Metadata-Version: 2.2
Name: gh-tokens-loader
Version: 0.1.2
Summary: Simply utility library for loading GitHub tokens from a YAML file to be used for large-scale mining from the GitHub API.
Author-email: Eva Maxfield Brown <evamaxfieldbrown@gmail.com>
License: MPLv2
Project-URL: Homepage, https://github.com/evamaxfield/gh-tokens-loader
Project-URL: Bug Tracker, https://github.com/evamaxfield/gh-tokens-loader/issues
Project-URL: Documentation, https://evamaxfield.github.io/gh-tokens-loader
Project-URL: User Support, https://github.com/evamaxfield/gh-tokens-loader/issues
Classifier: Development Status :: 4 - Beta
Classifier: Natural Language :: English
Classifier: Programming Language :: Python :: 3.10
Classifier: Programming Language :: Python :: 3.11
Classifier: Programming Language :: Python :: 3.12
Classifier: Programming Language :: Python :: 3.13
Requires-Python: >=3.10
Description-Content-Type: text/markdown
License-File: LICENSE
Requires-Dist: msgspec<1,>=0.13
Requires-Dist: PyYAML<7,>=6
Provides-Extra: dev
Requires-Dist: ipython; extra == "dev"
Requires-Dist: jupyterlab; extra == "dev"
Provides-Extra: lint
Requires-Dist: pre-commit>=2.20.0; extra == "lint"
Provides-Extra: test
Requires-Dist: pytest<9,>=8; extra == "test"

# GitHub Tokens Loader

A simple utility library to load GitHub tokens from a structured file which helps track who the token is linked to and when it expires.

## Usage

### GitHub Tokens File

To use this library, create a file with the following structure:

```yaml
tokens:
  jane:
    token: "github_pat_56..."
    expiration_date: null
  john:
    token: "github_pat_41..."
    expiration_date: "2026-02-13"
  bob:
    token: "ghp_VeaD3..."
    expiration_date: null
  sally:
    token: "ghp_VVv5E..."
    expiration_date: "2023-02-13"
```

Each token has a short name (generally who or what it is linked to), the token itself, and an optional expiration date. The expiration date should be in the format `YYYY-MM-DD`.
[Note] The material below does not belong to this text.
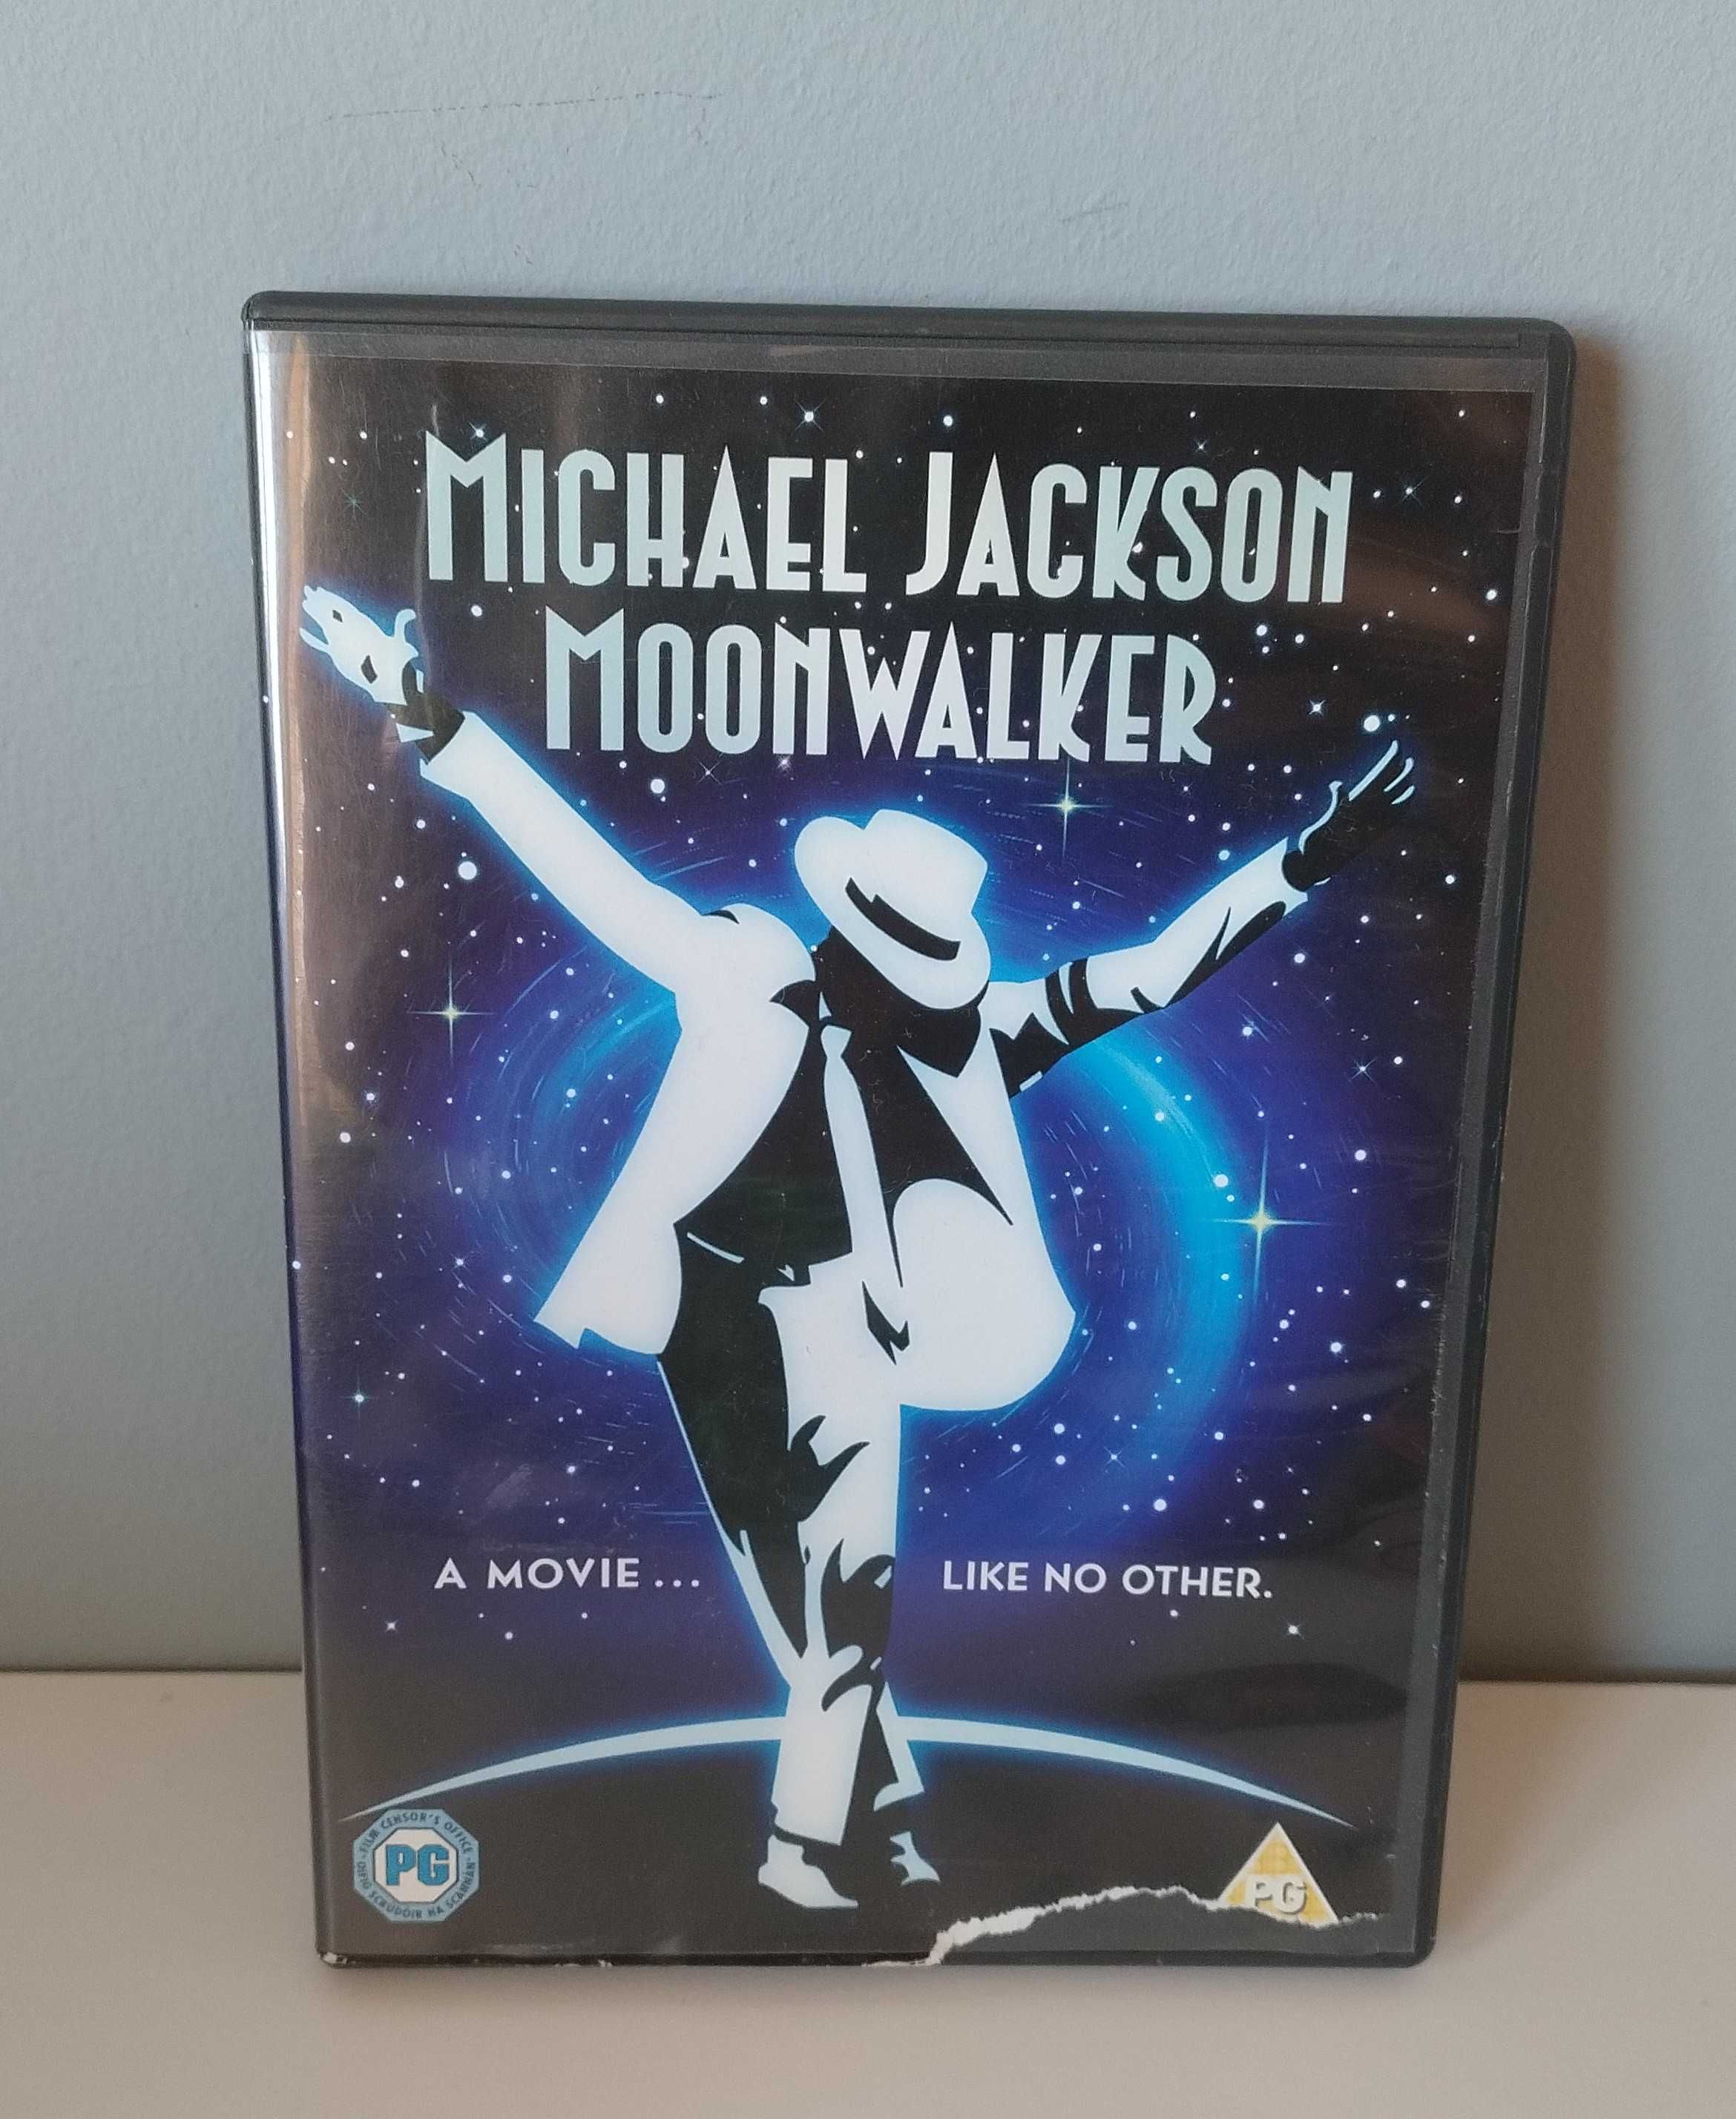 Michael Jackson Moonwalker DVD
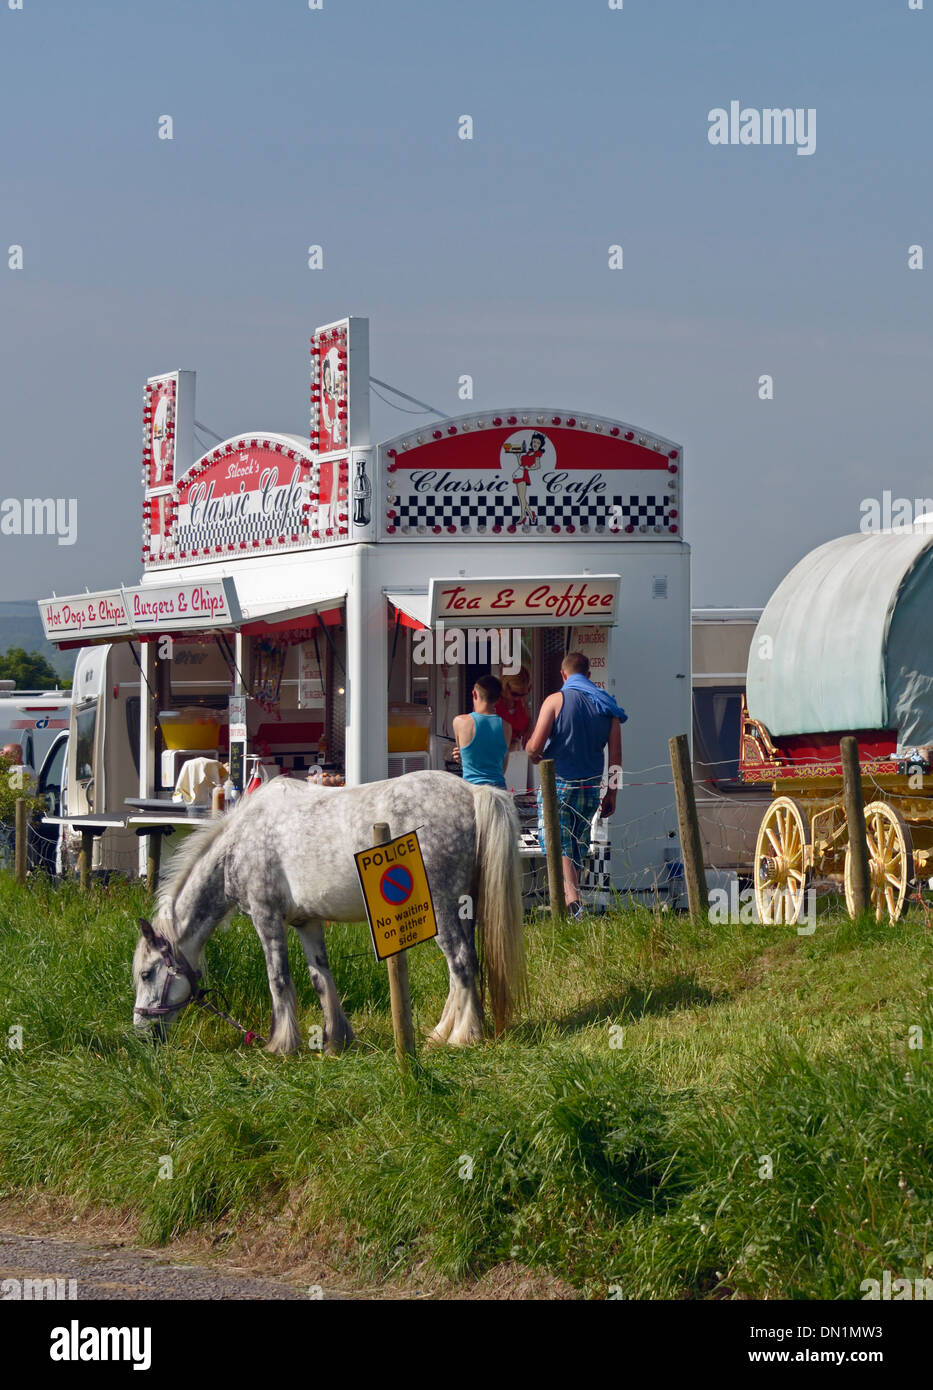 Silcock's Classic Cafe. Appleby Horse Fair, June 2013. Appleby-in-Westmorland, Cumbria, England, United Kingdom, Europe. Stock Photo

⚠️⚠️ **Important:** Do not share this file with anyone else. Keep it secure and private. It is recommended to add the filename to your `.gitignore` as well. ⚠️⚠️

### Loading Tokens

To load the tokens from the file, use the following code:

```python
from gh_tokens_loader import load_github_tokens

tokens = load_github_tokens("path/to/tokens.yaml")
```

This will return only the tokens that are valid (i.e., not expired).

## Why

I am a researcher who spends a lot of time mining the GitHub API for data about scientific software. Due to the rate limits on the GitHub API, my research collaborators and I will commonly pool our tokens. I found myself copy pasting some form of this code around to different projects and decided to make it a library.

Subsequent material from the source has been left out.